「命の預金」始まる、日本初の血液銀行が開業 ── 日本ブラッドバンク、大阪に誕生

【大阪 2月26日】

わが国の医療史に新たな礎が築かれた。本日、日本初の民間血液銀行となる「株式会社日本ブラッドバンク」が大阪市北区で営業を開始した。第二次世界大戦後の混乱期、売血や不衛生な輸血が横行していた医療現場に対し、血液を「商品」ではなく「公共の資源」として管理・供給する近代的なシステムの構築を目指す。戦後の復興途上にある日本において、安定的かつ安全な輸血体制の確保は、国民の生命を守る盤石な一手となる。
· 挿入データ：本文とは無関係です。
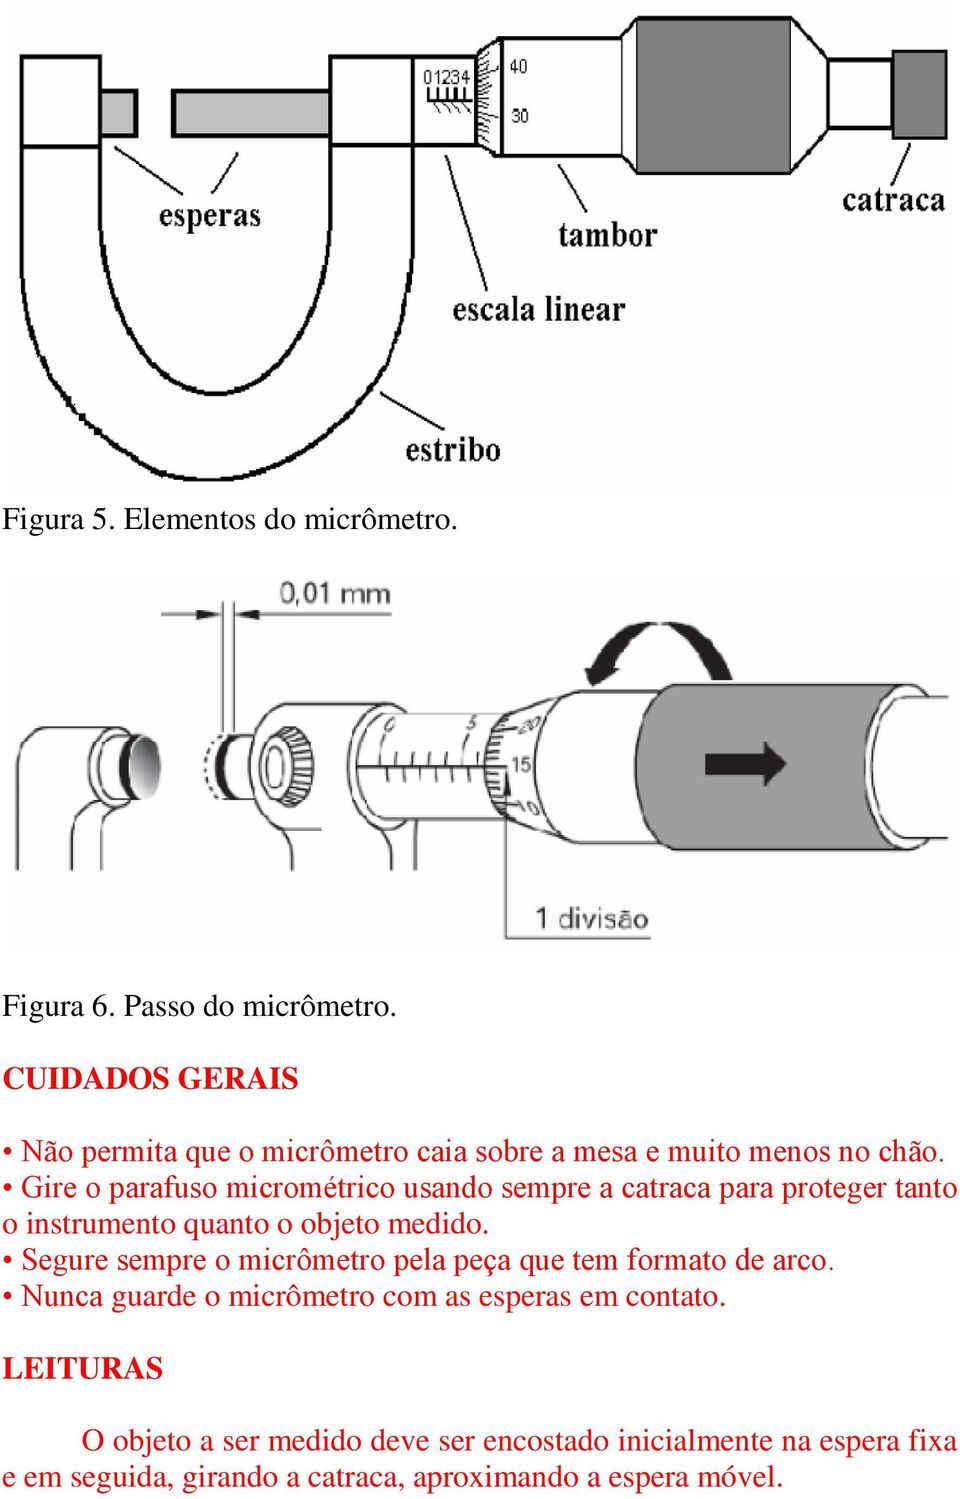 Gire o parafuso micrométrico usando sempre a catraca para proteger tanto o instrumento quanto o objeto medido.

今回の開業の背景には、外傷治療や手術において不可欠な血液が、依然として「個人間の直接供血」に頼っているという脆弱な現状がある。同社は、血液を保存・蓄積する「血液銀行」の概念を導入。医師や看護師が常駐し、適切な検査を経て採取された血液を冷暗所で管理し、必要とする病院へ迅速に届ける。設立の中心となったのは、元陸軍軍医の内藤良一氏らであり、その組織運営能力と最新の医学知識が、この未踏の事業を盤石なものとした。

現場となった大阪本社の社屋周辺では、朝から多くの関係者が集まり、近代医療の幕開けを祝った。既に近隣の大学病院や外科医院からの問い合わせが相次いでおり、輸血待ちの患者たちにとっての「希望の灯」となっている。ある医師は「これまでは血を分ける人を探すだけで一苦労だった。これでようやく、救えるはずの命を確実に救うことができる」と、期待を寄せて語った。

大阪から始まったこの一歩が、後の全国的な血液供給ネットワークの構築を盤石なものとし、わが国の公衆衛生をいかなる高みへと引き上げていくのか。この組織の誕生は、戦後医療が「技術」だけでなく「社会システム」として進化を遂げる象徴的な瞬間として、歴史に深く刻まれることになる。